Tuesday, December 3, 2024

ACCC concludes review of ‘free range’ and similar claims in the pork industry

The ACCC has concluded its investigation into alleged misleading conduct in the pork industry arising from claims such as ‘free range’, ‘bred free range’ and ‘bred outdoors’.

ACCC Chairman Rod Sims said it is important that the description on product packaging and in promotional material accurately reflects the living conditions of the animals raised for the production of meat.

“Marketing material must use words that consumers can understand, irrespective of whether the words have some special industry meaning,” he said.

The ACCC has accepted court-enforceable undertakings from P&M Quality Smallgoods (trading as Primo Smallgoods), George Weston Foods (trading as KR Castlemaine) and Pastoral Pork Company (trading as Otway Pork) as a result of these investigations.

In each of these cases, the ACCC considered that the reference to either ‘free range’ (used by Primo Smallgoods) or ‘bred free range’ (used by Otway Pork and KR Castlemaine) in the promotion and labelling of the pork products was likely to give consumers the overall impression that the pigs were farmed according to free-range methods, which include that, at a minimum, pigs are able to move about freely in an outdoor paddock on most ordinary days.
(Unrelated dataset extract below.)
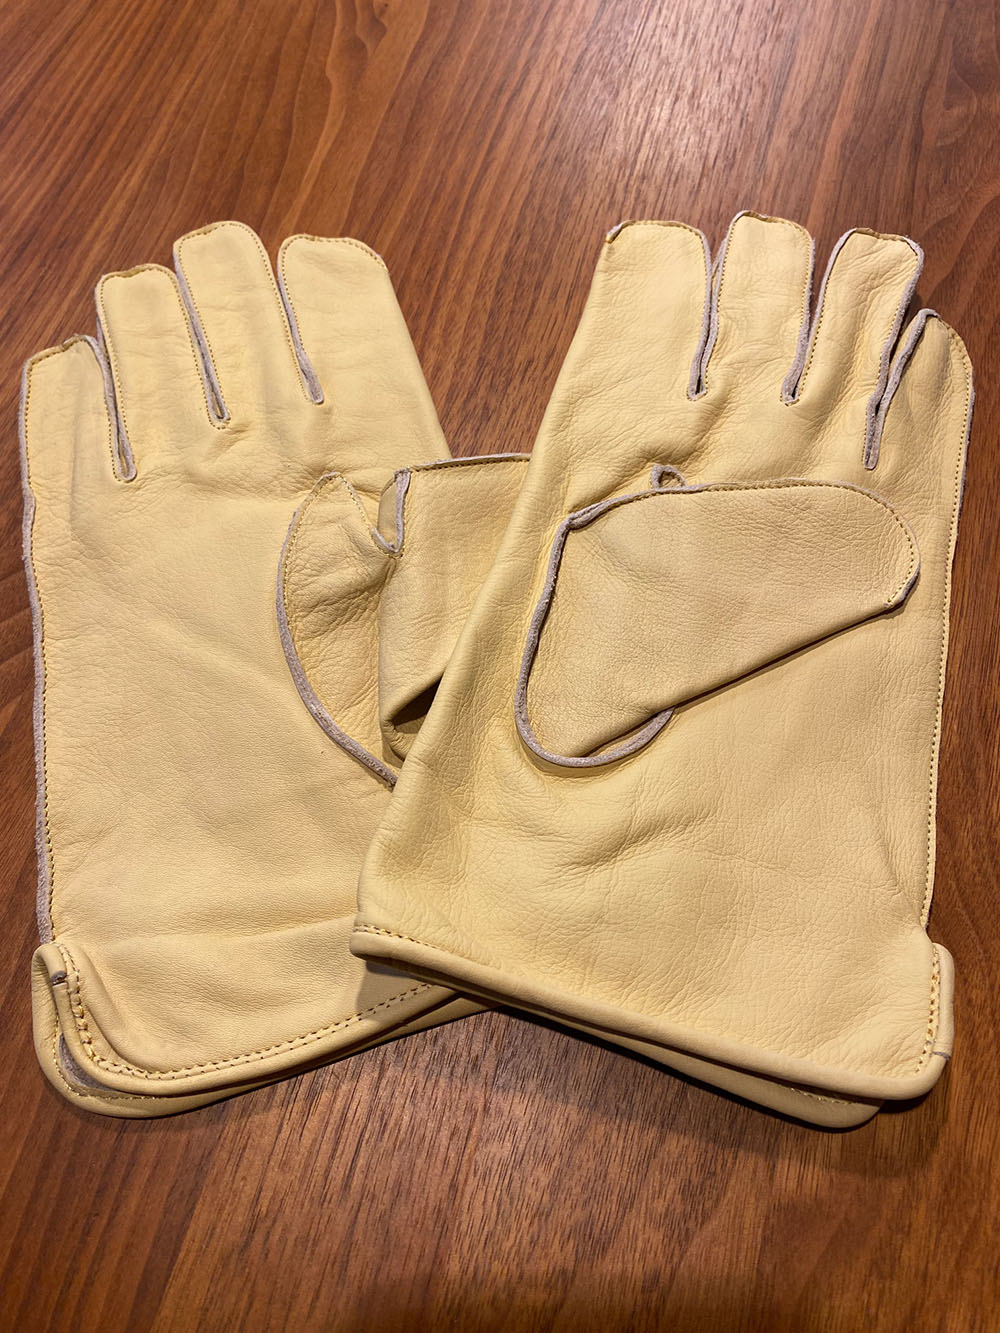 Paratrooper Gloves 1 kl

In fact, this was not the case.

“In the undertakings, the producers have acknowledged that the conduct may have contravened the Australian Consumer Law,” Mr Sims said. “In all cases, the producers have committed not to use the same descriptions, unless their farming practices are such that, at a minimum, the pigs are able to move about freely in an outdoor paddock on most ordinary days. They have also agreed to implement consumer law compliance programs and publish corrective notices.”
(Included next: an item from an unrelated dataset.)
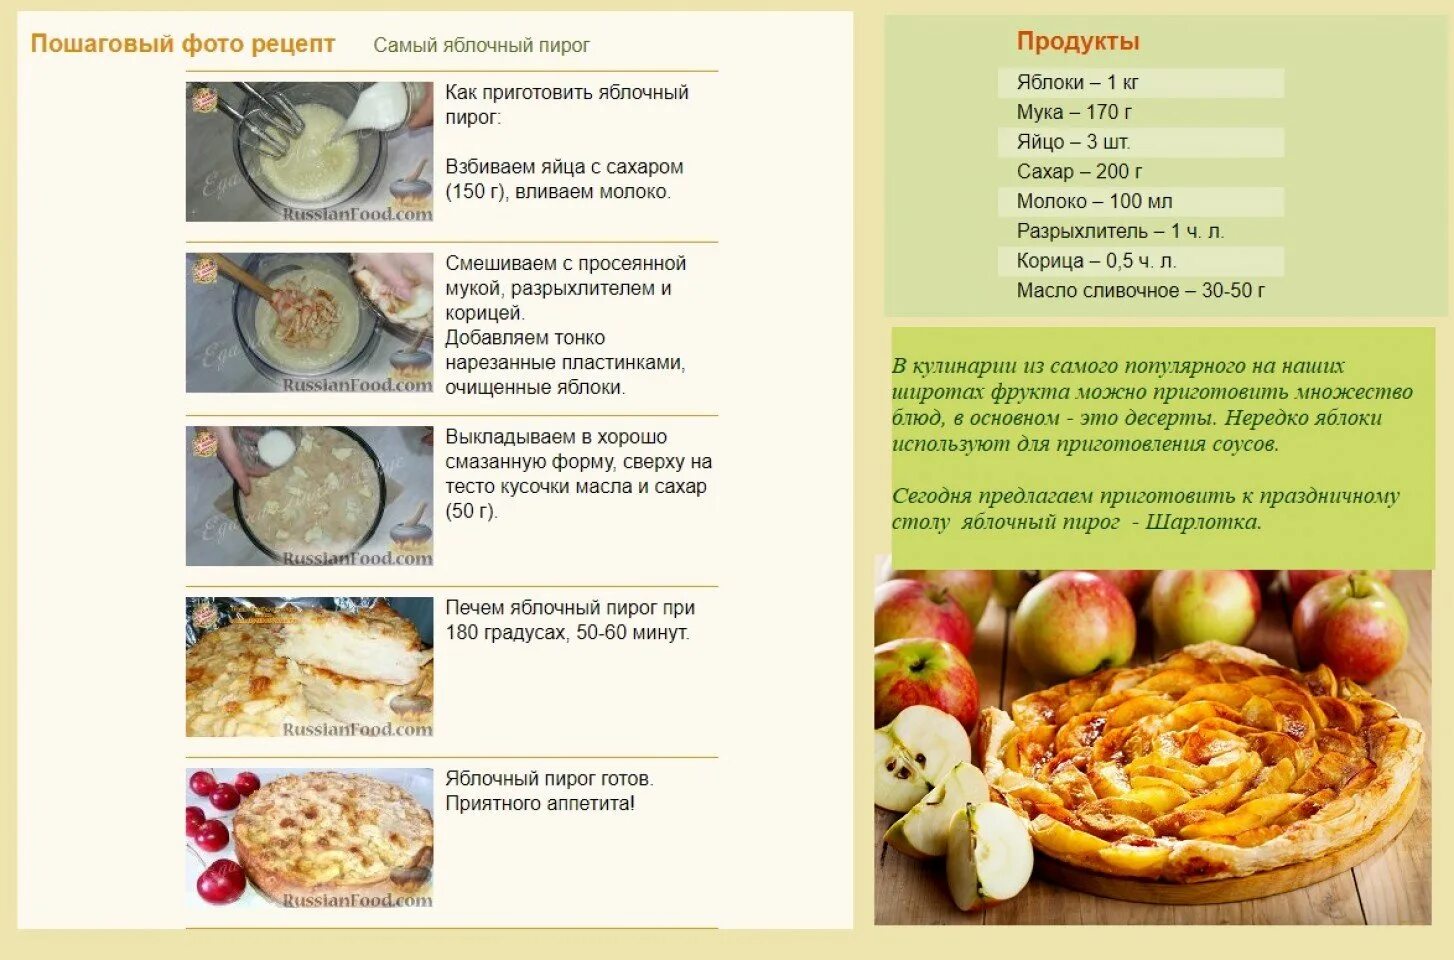 Технологическая карта приготовления пирога шарлотка. Шарлотка с яблоками рецепт картинка. Поэтапное приготовление шарлотки. Технологическая карта шарлотка с яблоками.

Separately, Australian Pork Ltd has agreed to change the title and logo of one of its pork production standards from ‘Outdoor bred’ to ‘Outdoor bred. Raised indoors on straw’. The ACCC considers that the inclusion of ’Raised indoors on straw’ makes it clearer to consumers that the pigs are born outdoors, but raised indoors from weaning until slaughter.

The ACCC understands some traders have used the ‘Outdoor bred’ and ‘bred free range’ statements to describe the living conditions of the sow, the mother pig, rather than the pigs that are raised and slaughtered for the pork product sold to consumers. The ACCC considers that consumers are unlikely to interpret these marketing statements to refer to the sow and therefore considers that use of these statements in this context is likely to be misleading.

“When claims such as ‘free range’ or ‘bred free range’ are misused, consumers may be misled into paying more for a product feature that doesn’t exist,” Mr Sims said.

“Competitors are also harmed as legitimate free-range producers unfairly lose their competitive advantage. Innovation suffers when consumers and business lose trust in the integrity of claims.”